Sunday, 15 March 2020

‘I am Providence”: 83d anniversary of HPL’s death

En:
83 years ago HP Lovecraft died at Jane Brown Memorial Hospital in Providence, RI. Shortly before, while in hospital, already terminally ill, he’d got a chance to see a printed copy of The Shadow Over Innsmouth, an absolute masterpiece of a novella: sadly, that copy was full of errors, but still, it was published.
Lovecraft never became popular during his lifetime, although he was an infallible authority among his friends, who were his colleagues in amateur self-publishing and also pioneers of what we now know as Cosmic horror, a peculiar literary genre, which combines Cosmicism, proto-sci fi, Weird fiction/fantasy and, of course, Neo-Gothic horror per se.
Lovecraft also became the second literary figure after Alexander Blok who impacted my academic life to the extent that it changed my whole approach in perceiving a literary canon where a literary subject exists in constant iterations with its universe and is the driving force of a classical narrative.
Lovecraft’s narration is much closer to ancient storytelling than we might think: nothing *really* happens in his (mostly short) stories in terms of action, yet when his characters face something they cannot grasp, doesn’t it remind you of any ancient myth you read when you were much younger? A human being, intelligent, gutsy, articulate, knowledgeable etc., is going out, living his life until the very moment when a furious deity abruptly terminates it (often, also his post-mortem existence in Hades?)—can you see a pattern here? I do.

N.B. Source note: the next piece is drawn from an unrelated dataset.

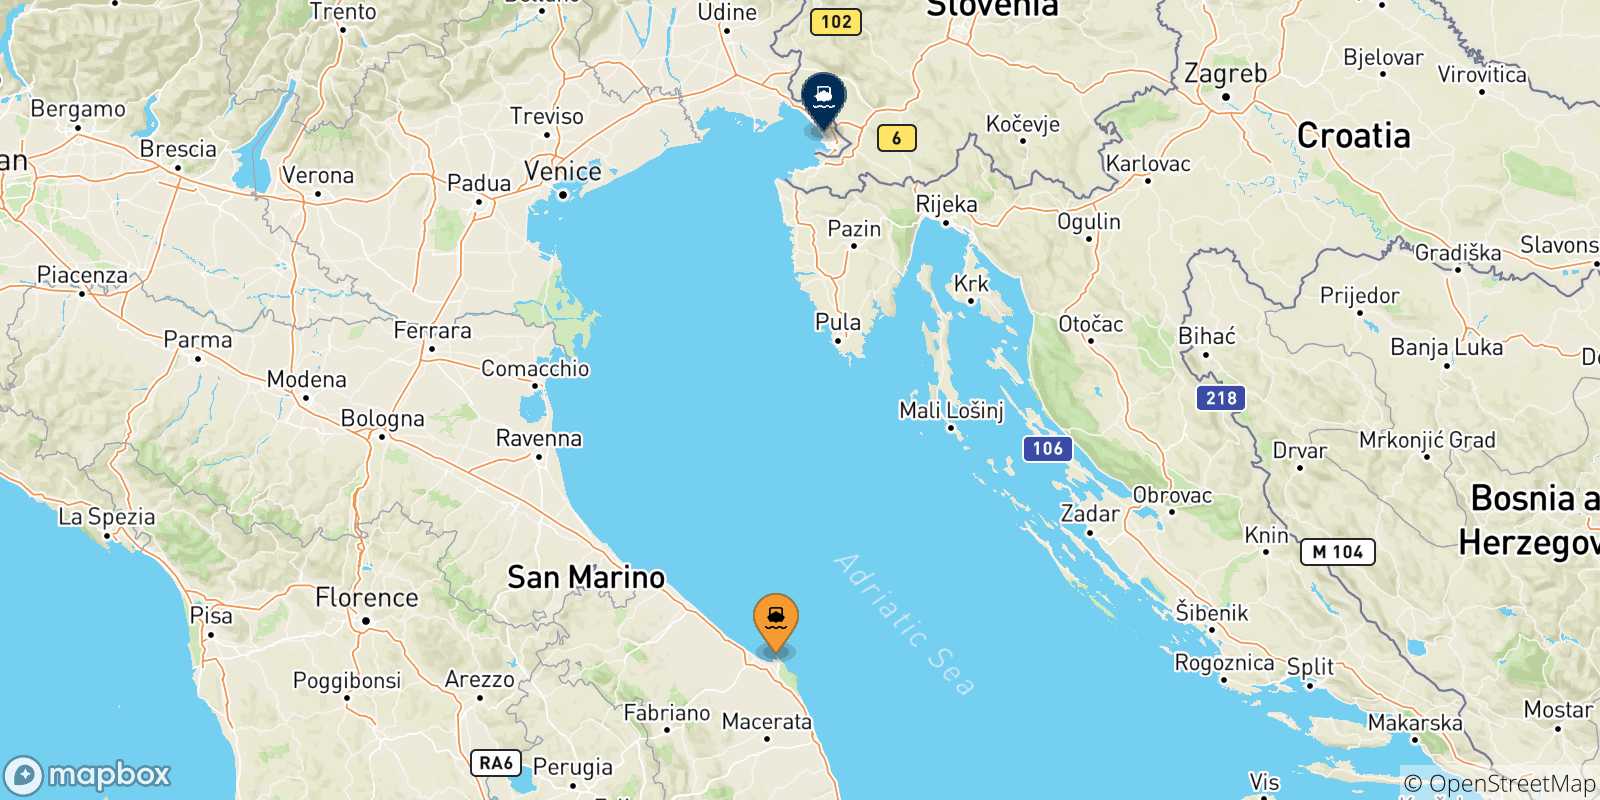 Mappa delle possibili rotte tra l'Italia e Trieste

Of course, it can also be perceived in Genette’s description of “Recherche du temps perdu,” where the main acting force, i.e. the central character, is an “[…] intermediary subject,” who is an insomniac or a beneficiary of the miracle of involuntary memory” (Genette, “Narrative Discourse: An Essay in Method,” 45); in other words, Lovecraftian characters, put in chthonic (ancient, primal) circumstances, could react accordingly, i.e. as Proustian prototype, his alter ego or Swann, through the prism of an elaborate stream of consciousness—horror, in the case of HPL’s canonical narrative.

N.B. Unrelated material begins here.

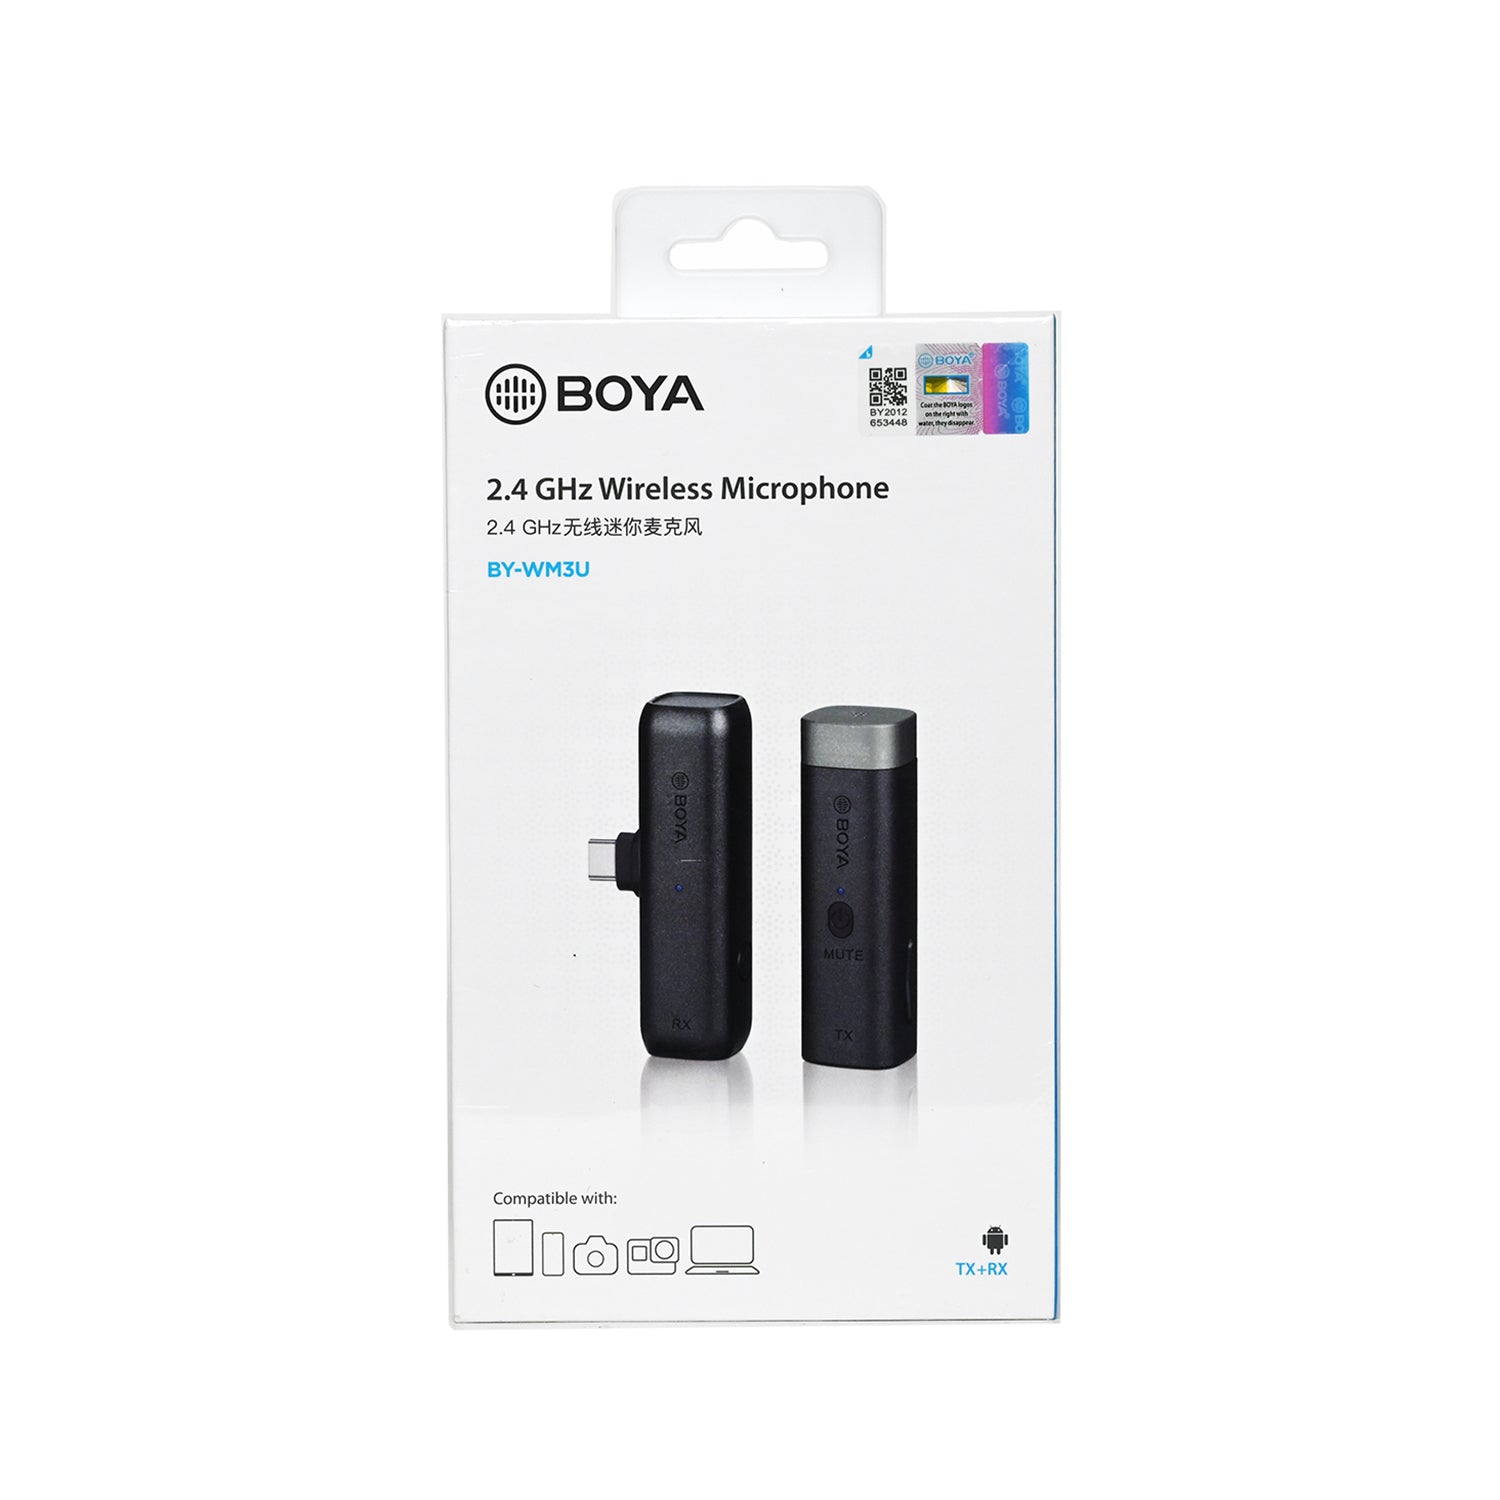 Boya BY-WM3U 2.4GHz Wireless Microphone system

Lovecraft’s writing still never ceases to amaze me: you don’t need Symbolist opulence to portray your awe and terror yet you *are* a Symbolist when you are creating the scariest monster, a figure so unimaginable that you need your own “des forêts de symboles” to re-create it in your imagination.
There is no one like Lovecraft. He is one of a kind who really turned fear into pure art. And that is it: he is Providence.